No data available on frequency of feeding trips, amounts of food brought per trip, and apportionment of food to young. The fact that siblings do not always gain body mass equally suggests unequal apportionments of food and possibly sibling aggression. On the other hand, the successful departure from a nest by all of its siblings indicates that uneven growth rates matter little when sufficient food is available.

Nest Sanitation

Female defecates away from the nest, which remains quite clean before the young begin to hatch. Thereafter, the nest becomes increasingly soiled through defecation (no fecal sacs) by the young, disgorged pellets, and particularly unused lemming carcasses and other prey that accumulate and spoil. Flies gather at nests that become soiled after hatching of young. Mosquitoes attack owlets, particularly about the eyes and face (Sutton and Parmelee 1956, Watson 1957). Not determined is whether such attacks are simply annoyances, or vectors of disease. A detailed study on the invertebrates at a Snowy Owl’s nest is needed.

Little information. Females and broods of bigamist matings remain apart and do not interact within the males’ territory (Watson 1957).

Departure From Nest

On Baffin Island, Parmelee and Sutton (1956) observed that owlets left the nest when 14 d old, although Watson (1957) found that the period ranged from 18 to 25 d; most young left about 25 d. On Victoria Island, Parmelee et al. (1967) found that most young left at 14 to 16 d, some remaining until 22 d of age. Having left the nest, young may (Parmelee et al. 1967, Robinson and Becker 1986) or may not (Watson 1957) return. Although some owlets leave the nest and wander when only 14 d old, some of them apparently return to the nest one or more times before abandoning it for the last time. A final departure date of 25 to 26 d seems reasonable; many days pass before even these late-departing young fledge. Under the care of both parents, the scattered young sometimes reconvene and band together (Parmelee 1972).

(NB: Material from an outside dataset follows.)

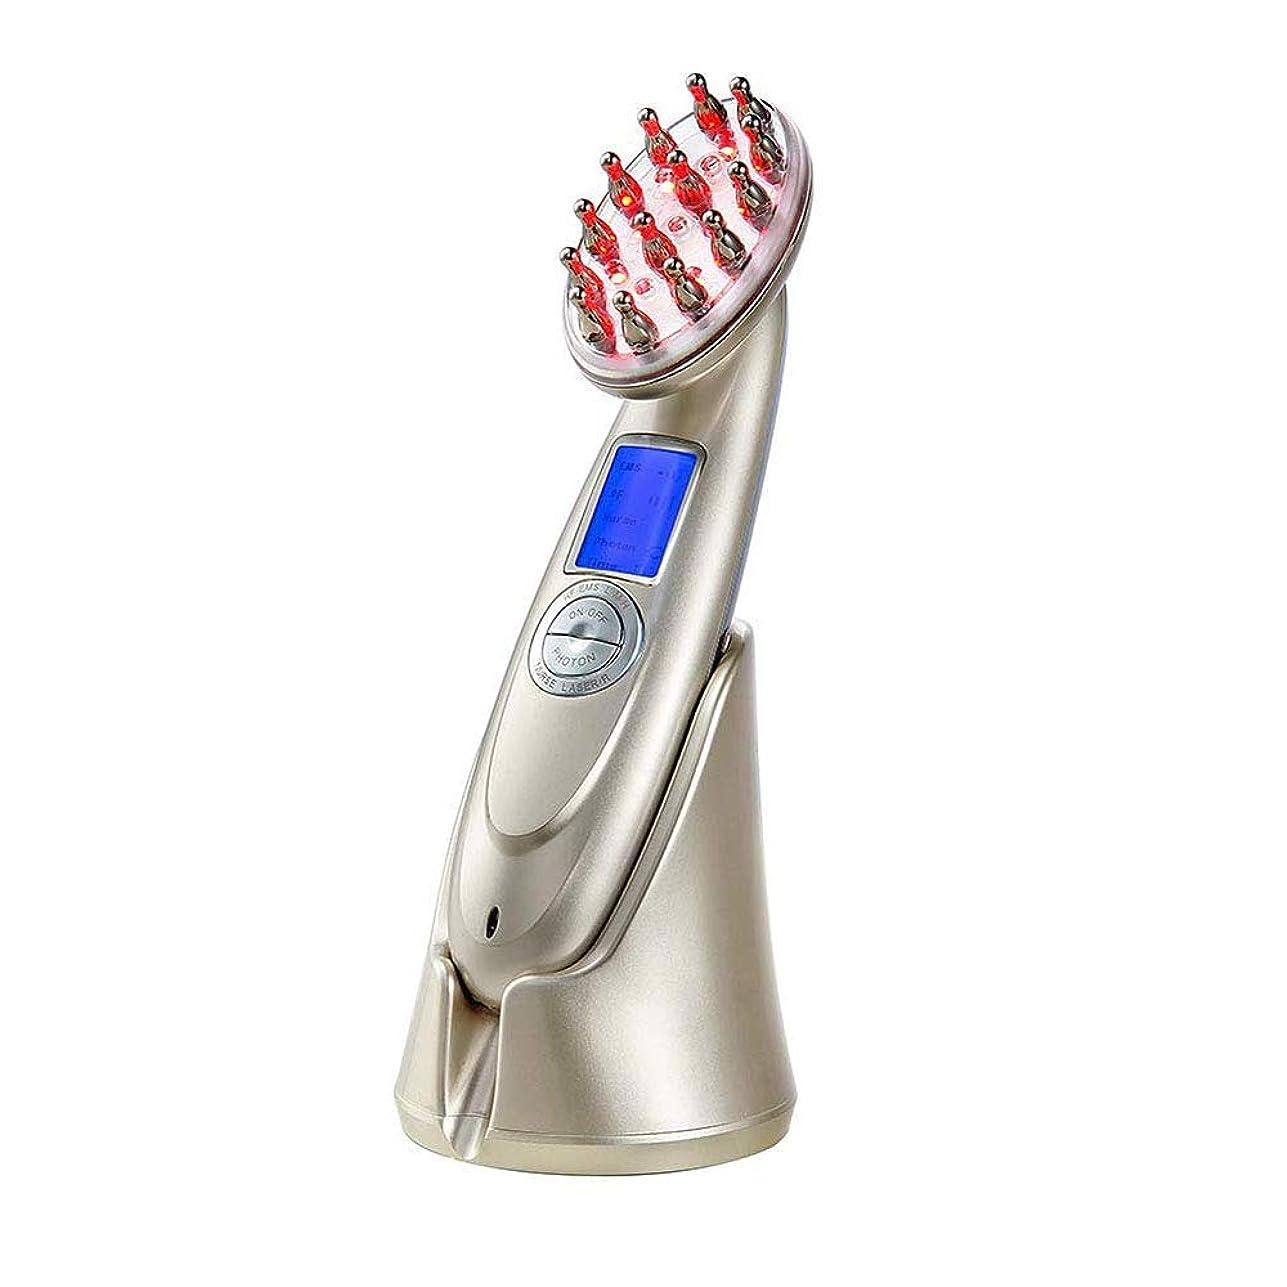 優先権ホイップ知らせる髪の成長櫛電気抗毛損失治療マッサージヘア再生ブラシ無線周波数職業 EMS Led フォトンライトセラピー櫛

Fledglings make frequent short flights, especially down inclines, before they are capable of making sustained buoyant ones. Owlets are unable to fly strongly with good control until over 50 d old (Watson 1957, Parmelee et al. 1967, Robinson and Becker 1986). At one nest with 11 eggs, 54 d elapsed between the laying of the first egg and hatching of the last young; allowing another 50 d for fledging, the interval from first egg to fledging of the last young totaled 104 d (Parmelee 1972). The period would be considerably shorter for nests with small clutches.

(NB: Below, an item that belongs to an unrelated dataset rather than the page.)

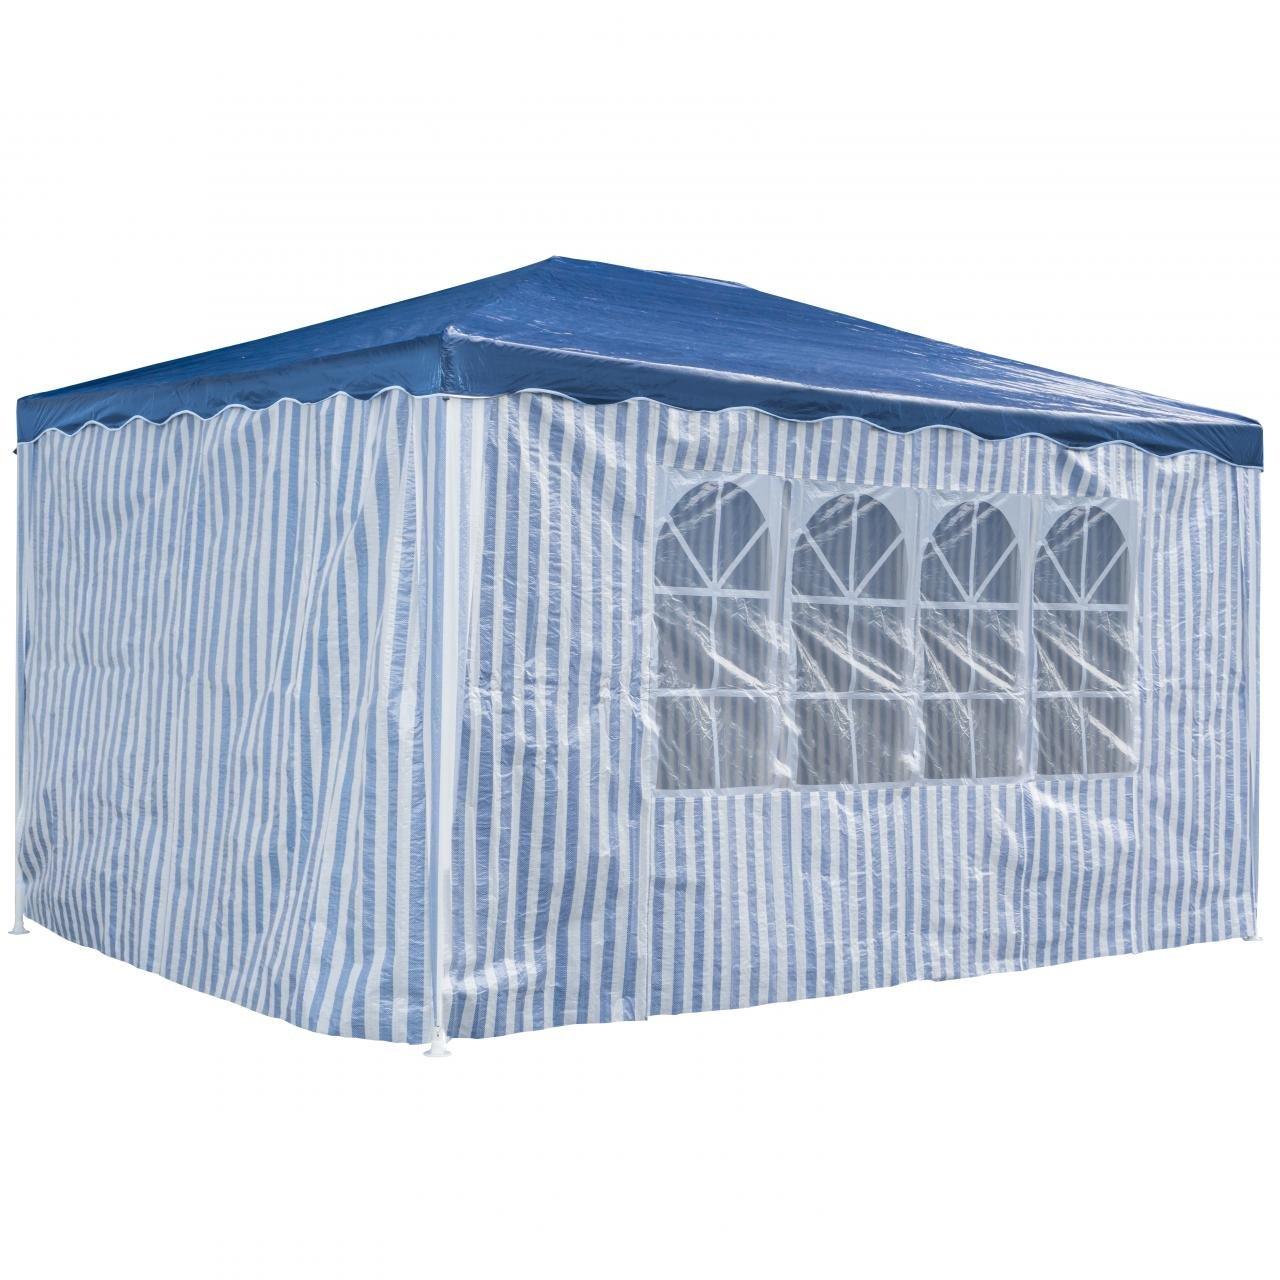 PRIMOPET Partyzelt 3 x 4 m Festzelt Gartenzelt Bierzelt Pavillon Gartenpavillon mit 4 Seitenwänden Blau gestreift

Once the young leave the nest (at about 25 d old), they are fed entirely by the parents for at least another five weeks, when they first began to hunt for themselves (Watson 1957). They are probably partly fed for at least another week or two, as they are still poor at hunting. During the five weeks after leaving the nest, an owlet eats roughly 7 kg of lemmings. Including lemmings eaten in and out of the nest, a brood of nine owlets will have consumed as many as 1,500 lemmings by the time they reach independence.

Little information on independent, fledged young on the breeding grounds. See Migration; Populations: range.